→ Task item: Every line from the one containing "南京市物价局关于公布《南京市歌舞厅价格等级标准》的通知" to the one containing "Weinglas - Zu" in the records below, both included, must be set down exactly, and no other line.

(Beginning of Provided records)

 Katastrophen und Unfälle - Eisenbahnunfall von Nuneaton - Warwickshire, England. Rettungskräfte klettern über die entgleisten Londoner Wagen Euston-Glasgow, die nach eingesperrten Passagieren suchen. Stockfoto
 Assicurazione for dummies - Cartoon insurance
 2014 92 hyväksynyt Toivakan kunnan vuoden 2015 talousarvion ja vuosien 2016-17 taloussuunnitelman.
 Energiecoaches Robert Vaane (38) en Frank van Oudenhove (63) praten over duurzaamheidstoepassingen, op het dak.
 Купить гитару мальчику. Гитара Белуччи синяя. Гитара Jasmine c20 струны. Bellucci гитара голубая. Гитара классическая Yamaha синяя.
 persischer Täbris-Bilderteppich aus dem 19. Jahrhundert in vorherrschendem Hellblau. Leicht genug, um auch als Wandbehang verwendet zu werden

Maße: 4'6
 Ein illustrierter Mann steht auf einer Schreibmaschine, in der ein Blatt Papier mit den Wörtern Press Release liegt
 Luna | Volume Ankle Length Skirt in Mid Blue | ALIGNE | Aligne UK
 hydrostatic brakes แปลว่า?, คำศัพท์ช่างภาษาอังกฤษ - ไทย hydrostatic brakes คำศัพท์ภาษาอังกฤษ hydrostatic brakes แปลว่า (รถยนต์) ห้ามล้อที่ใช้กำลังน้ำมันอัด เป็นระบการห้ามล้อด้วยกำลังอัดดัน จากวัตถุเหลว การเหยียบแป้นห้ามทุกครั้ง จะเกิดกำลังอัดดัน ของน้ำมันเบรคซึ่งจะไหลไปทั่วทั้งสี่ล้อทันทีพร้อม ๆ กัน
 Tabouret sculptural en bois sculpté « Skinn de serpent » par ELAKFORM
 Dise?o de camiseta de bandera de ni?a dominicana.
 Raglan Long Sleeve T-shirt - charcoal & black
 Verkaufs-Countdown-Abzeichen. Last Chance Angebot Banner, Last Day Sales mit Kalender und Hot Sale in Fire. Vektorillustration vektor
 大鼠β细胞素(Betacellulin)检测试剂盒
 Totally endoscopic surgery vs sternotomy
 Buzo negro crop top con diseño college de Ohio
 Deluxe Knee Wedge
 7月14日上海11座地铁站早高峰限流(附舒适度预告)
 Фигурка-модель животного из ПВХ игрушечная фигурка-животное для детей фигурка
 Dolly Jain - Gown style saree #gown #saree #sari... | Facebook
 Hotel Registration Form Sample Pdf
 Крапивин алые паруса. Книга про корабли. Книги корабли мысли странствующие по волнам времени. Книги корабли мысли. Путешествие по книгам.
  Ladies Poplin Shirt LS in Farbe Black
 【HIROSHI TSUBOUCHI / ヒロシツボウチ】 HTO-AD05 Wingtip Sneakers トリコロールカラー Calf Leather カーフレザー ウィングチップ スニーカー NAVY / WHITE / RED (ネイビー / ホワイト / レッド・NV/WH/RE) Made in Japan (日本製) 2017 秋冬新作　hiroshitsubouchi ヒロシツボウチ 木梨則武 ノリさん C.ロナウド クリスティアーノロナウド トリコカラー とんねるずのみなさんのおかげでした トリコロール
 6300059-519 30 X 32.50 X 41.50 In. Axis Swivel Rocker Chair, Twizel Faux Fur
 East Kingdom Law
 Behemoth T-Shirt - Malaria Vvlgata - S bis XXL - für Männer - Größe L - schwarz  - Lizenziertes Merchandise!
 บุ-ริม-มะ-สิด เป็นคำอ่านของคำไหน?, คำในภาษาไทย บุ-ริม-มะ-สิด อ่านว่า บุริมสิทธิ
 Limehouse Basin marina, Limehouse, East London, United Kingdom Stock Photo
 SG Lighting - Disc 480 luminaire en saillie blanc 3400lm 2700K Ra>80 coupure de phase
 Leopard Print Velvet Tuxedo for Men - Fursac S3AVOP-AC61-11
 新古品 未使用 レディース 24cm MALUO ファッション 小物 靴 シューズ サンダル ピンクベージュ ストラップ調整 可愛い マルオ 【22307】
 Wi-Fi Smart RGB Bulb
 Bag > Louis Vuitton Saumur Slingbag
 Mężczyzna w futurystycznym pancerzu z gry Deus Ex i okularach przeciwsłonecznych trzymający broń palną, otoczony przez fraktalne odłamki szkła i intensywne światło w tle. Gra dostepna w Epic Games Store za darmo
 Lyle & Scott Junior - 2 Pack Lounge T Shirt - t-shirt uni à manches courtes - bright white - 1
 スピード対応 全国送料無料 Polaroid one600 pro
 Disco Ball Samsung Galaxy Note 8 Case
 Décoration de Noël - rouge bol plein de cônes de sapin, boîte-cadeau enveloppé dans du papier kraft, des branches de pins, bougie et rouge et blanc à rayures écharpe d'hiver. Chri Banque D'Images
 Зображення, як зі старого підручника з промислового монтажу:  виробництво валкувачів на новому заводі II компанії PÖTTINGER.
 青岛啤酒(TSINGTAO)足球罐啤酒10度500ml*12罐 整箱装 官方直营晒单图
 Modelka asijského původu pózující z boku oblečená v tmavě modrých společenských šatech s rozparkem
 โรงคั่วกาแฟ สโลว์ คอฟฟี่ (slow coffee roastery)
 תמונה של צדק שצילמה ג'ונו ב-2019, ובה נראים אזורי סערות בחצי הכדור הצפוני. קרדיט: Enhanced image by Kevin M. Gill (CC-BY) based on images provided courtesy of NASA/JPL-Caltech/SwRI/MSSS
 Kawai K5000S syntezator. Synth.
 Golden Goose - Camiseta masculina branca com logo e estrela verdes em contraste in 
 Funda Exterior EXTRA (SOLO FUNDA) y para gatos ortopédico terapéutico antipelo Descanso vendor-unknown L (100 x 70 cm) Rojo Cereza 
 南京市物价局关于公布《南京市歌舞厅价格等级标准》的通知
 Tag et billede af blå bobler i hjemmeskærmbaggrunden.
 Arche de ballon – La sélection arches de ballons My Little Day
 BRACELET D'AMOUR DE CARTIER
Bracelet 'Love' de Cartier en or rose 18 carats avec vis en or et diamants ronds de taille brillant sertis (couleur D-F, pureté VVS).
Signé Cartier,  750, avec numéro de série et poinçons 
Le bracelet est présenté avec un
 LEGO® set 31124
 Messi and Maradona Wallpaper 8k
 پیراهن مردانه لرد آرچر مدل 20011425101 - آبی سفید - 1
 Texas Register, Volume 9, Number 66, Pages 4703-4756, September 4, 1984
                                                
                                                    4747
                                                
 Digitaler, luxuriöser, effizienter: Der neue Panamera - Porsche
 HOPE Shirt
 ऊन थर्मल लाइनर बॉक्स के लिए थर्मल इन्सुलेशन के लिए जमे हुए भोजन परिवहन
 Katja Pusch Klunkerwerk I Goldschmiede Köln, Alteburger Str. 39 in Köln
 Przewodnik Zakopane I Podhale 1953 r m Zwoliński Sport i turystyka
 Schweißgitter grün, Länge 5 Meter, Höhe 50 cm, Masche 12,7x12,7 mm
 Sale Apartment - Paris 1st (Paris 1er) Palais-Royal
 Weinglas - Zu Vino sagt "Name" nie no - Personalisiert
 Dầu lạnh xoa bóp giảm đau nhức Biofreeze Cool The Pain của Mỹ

(End of Provided records)

→ Expected answer:
 南京市物价局关于公布《南京市歌舞厅价格等级标准》的通知
 Tag et billede af blå bobler i hjemmeskærmbaggrunden.
 Arche de ballon – La sélection arches de ballons My Little Day
 BRACELET D'AMOUR DE CARTIER
Bracelet 'Love' de Cartier en or rose 18 carats avec vis en or et diamants ronds de taille brillant sertis (couleur D-F, pureté VVS).
Signé Cartier,  750, avec numéro de série et poinçons 
Le bracelet est présenté avec un
 LEGO® set 31124
 Messi and Maradona Wallpaper 8k
 پیراهن مردانه لرد آرچر مدل 20011425101 - آبی سفید - 1
 Texas Register, Volume 9, Number 66, Pages 4703-4756, September 4, 1984
                                                
                                                    4747
                                                
 Digitaler, luxuriöser, effizienter: Der neue Panamera - Porsche
 HOPE Shirt
 ऊन थर्मल लाइनर बॉक्स के लिए थर्मल इन्सुलेशन के लिए जमे हुए भोजन परिवहन
 Katja Pusch Klunkerwerk I Goldschmiede Köln, Alteburger Str. 39 in Köln
 Przewodnik Zakopane I Podhale 1953 r m Zwoliński Sport i turystyka
 Schweißgitter grün, Länge 5 Meter, Höhe 50 cm, Masche 12,7x12,7 mm
 Sale Apartment - Paris 1st (Paris 1er) Palais-Royal
 Weinglas - Zu Vino sagt "Name" nie no - Personalisiert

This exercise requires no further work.